The script outputs a JSON timeline, danmaku are not written one by one, but summarized by time intervals. There are two types of records in the timeline:

Danmaku interval summary (type = danmaku_summary):

{
  "time": 25.0,
  "time_start": 25.0,
  "time_end": 30.0,
  "type": "danmaku_summary",
  "total_count": 38,
  "density": 456.0,
  "top_danmaku": [
    {"text": "666", "count": 12},
    {"text": "哈哈哈", "count": 8}
  ],
  "video_file": "ep1.mp4"
}

Subtitle entry (type = subtitle, fully preserved):

{
  "time": 27.3,
  "end_time": 30.1,
  "type": "subtitle",
  "text": "这一波操作太丝滑了",
  "video_file": "ep1.mp4"
}

Top-level fields:

videos: Statistics for each video and their respective highlight peak lists
density_peaks: Global highlight peaks across all videos (including video_file and top_danmaku fields)
summary.peak_times: Brief information for the top 5 highlight intervals (including position, density, representative danmaku)

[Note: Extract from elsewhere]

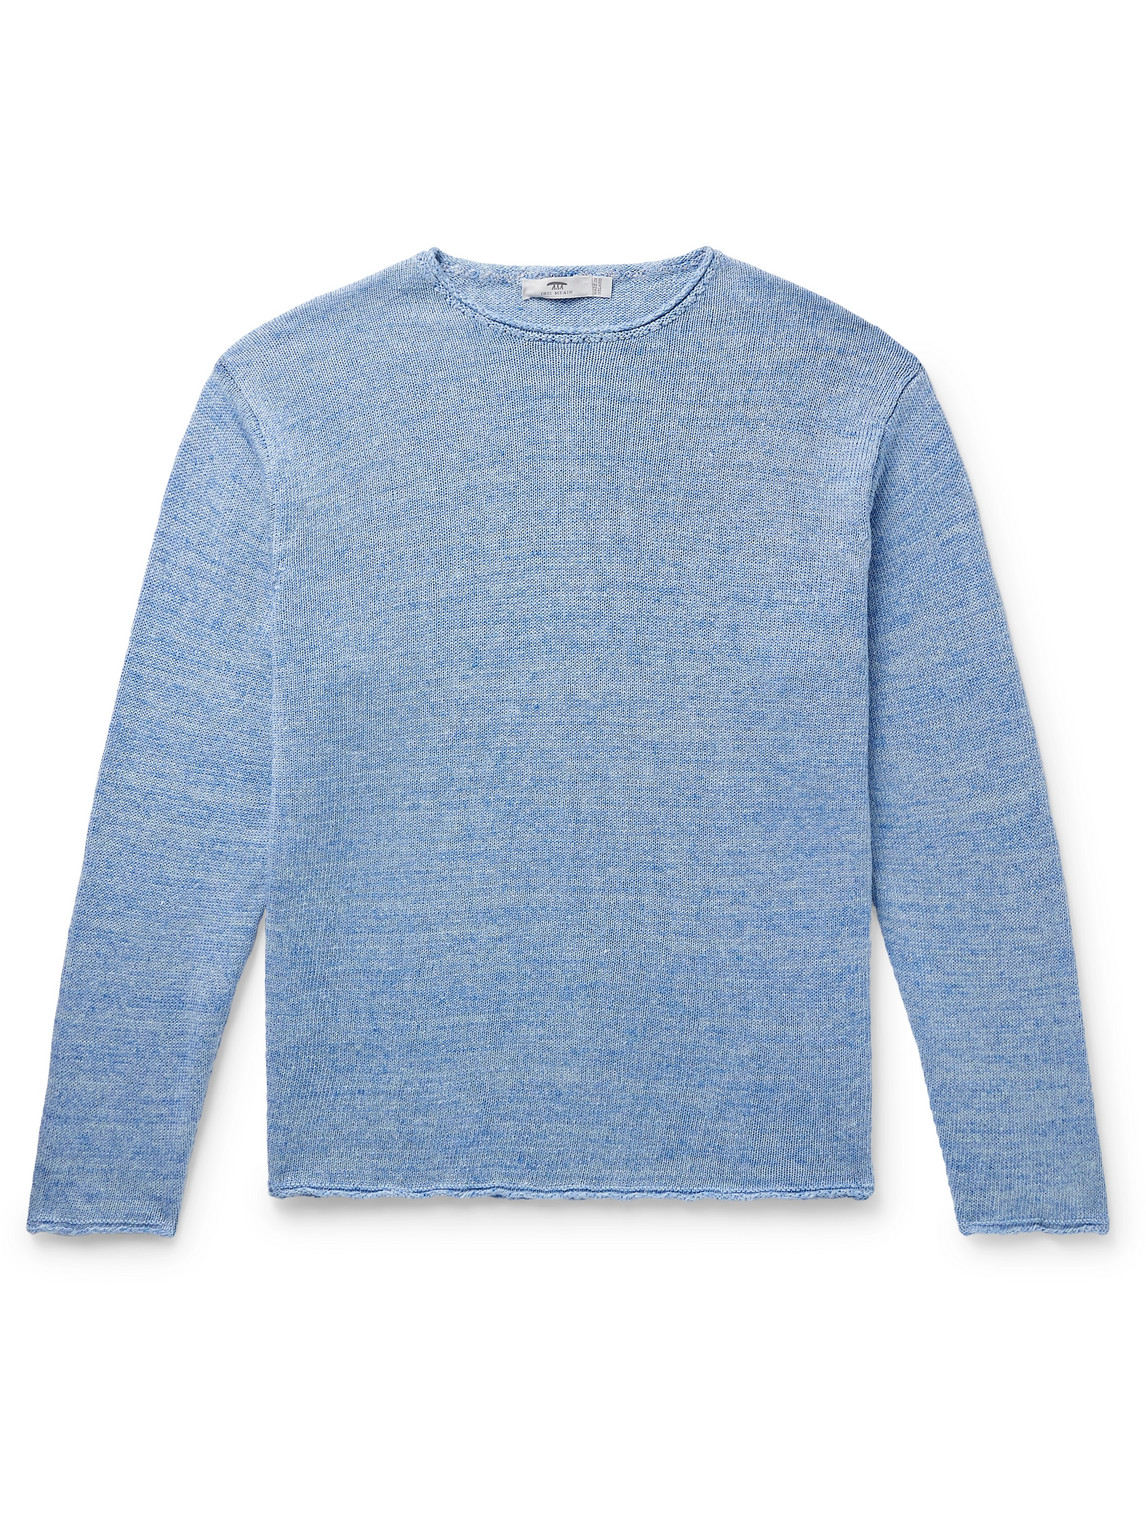 Inis Meain Linen Sweater In Blue

Step 4: Analyze Video Content, Understand Editing Requests

Read /tmp/media_timeline.json, combine with user's editing needs, and infer the list of time segments to be extracted.

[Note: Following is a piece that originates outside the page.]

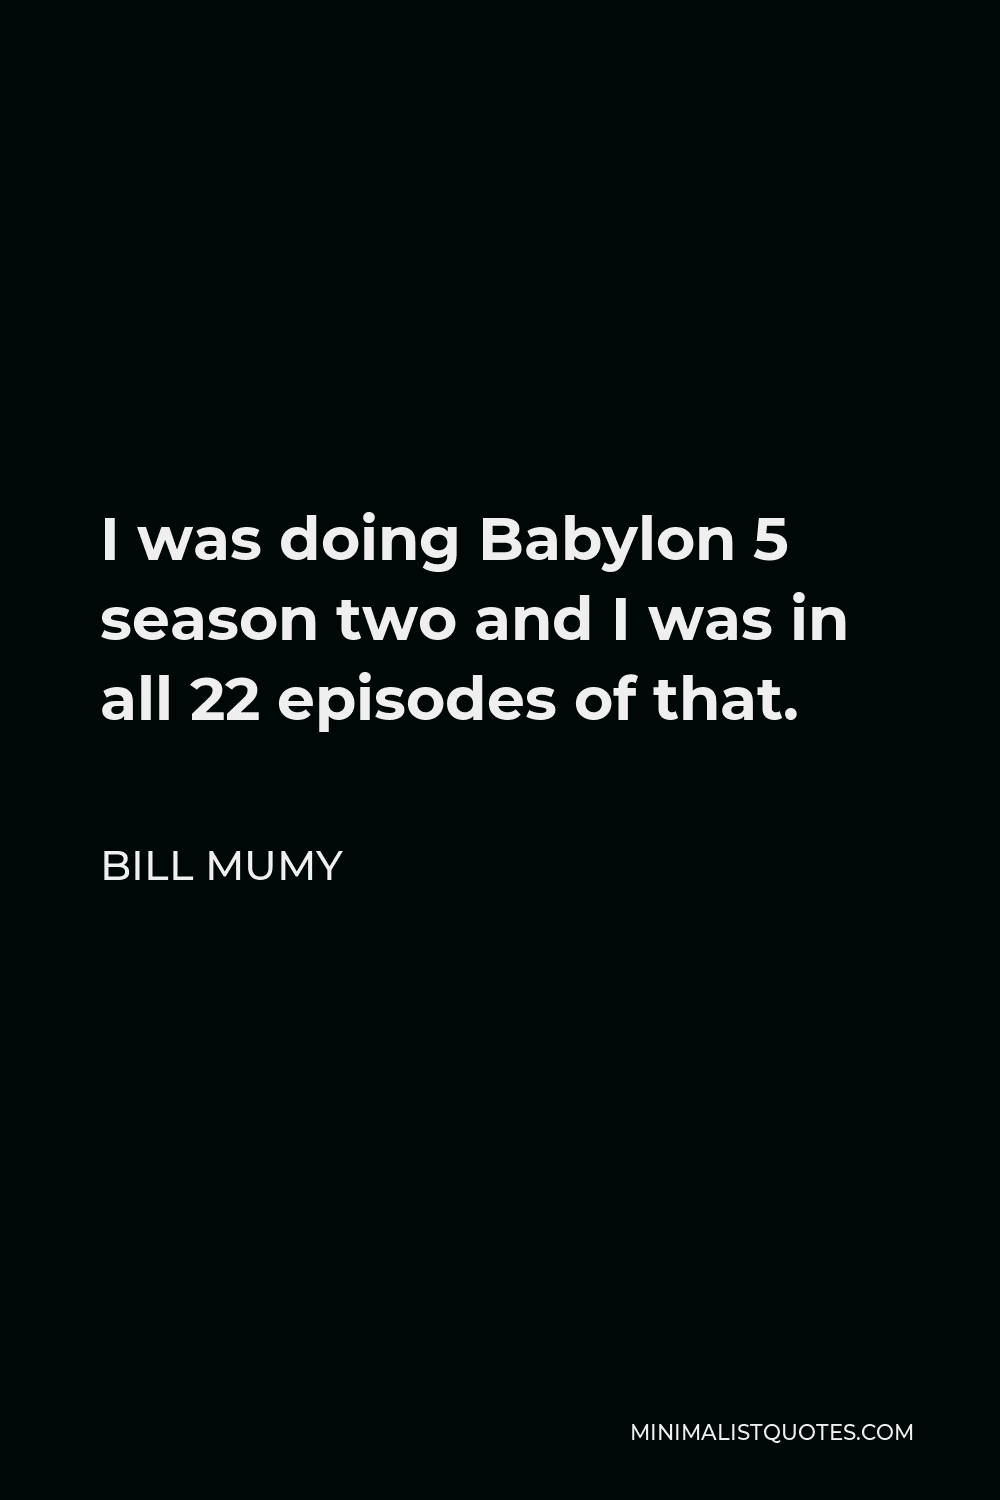 Bill Mumy Quote - I was doing Babylon 5 season two and I was in all 22 episodes of that.

Prerequisite Check: Skip Unanalyzable Videos

Before content analysis, only process videos determined as "Intelligent Analysis" in Step 0. For "Only Explicit Commands" videos, skip analysis and directly use user-provided time values for clip start/end.

Analysis Strategy:

First Priority: Determine Content Understanding Method Based on Subtitles

Situation	Content Understanding Method
Has subtitle files	Read only subtitles to understand video content, ignore danmaku data (unless user explicitly requests to reference danmaku)
No subtitle files	Read only danmaku summaries (`danmaku_summary`) to understand video content and highlight moments
User explicitly says "reference danmaku"	Read both subtitles and danmaku regardless of whether subtitles exist

Reason: Subtitles are precise records of actual video audio content, directly expressing video semantics; danmaku are audience reactions, with noise such as spamming and irrelevant content. When there are subtitles, the marginal benefit of danmaku information is low, and it consumes a lot of context.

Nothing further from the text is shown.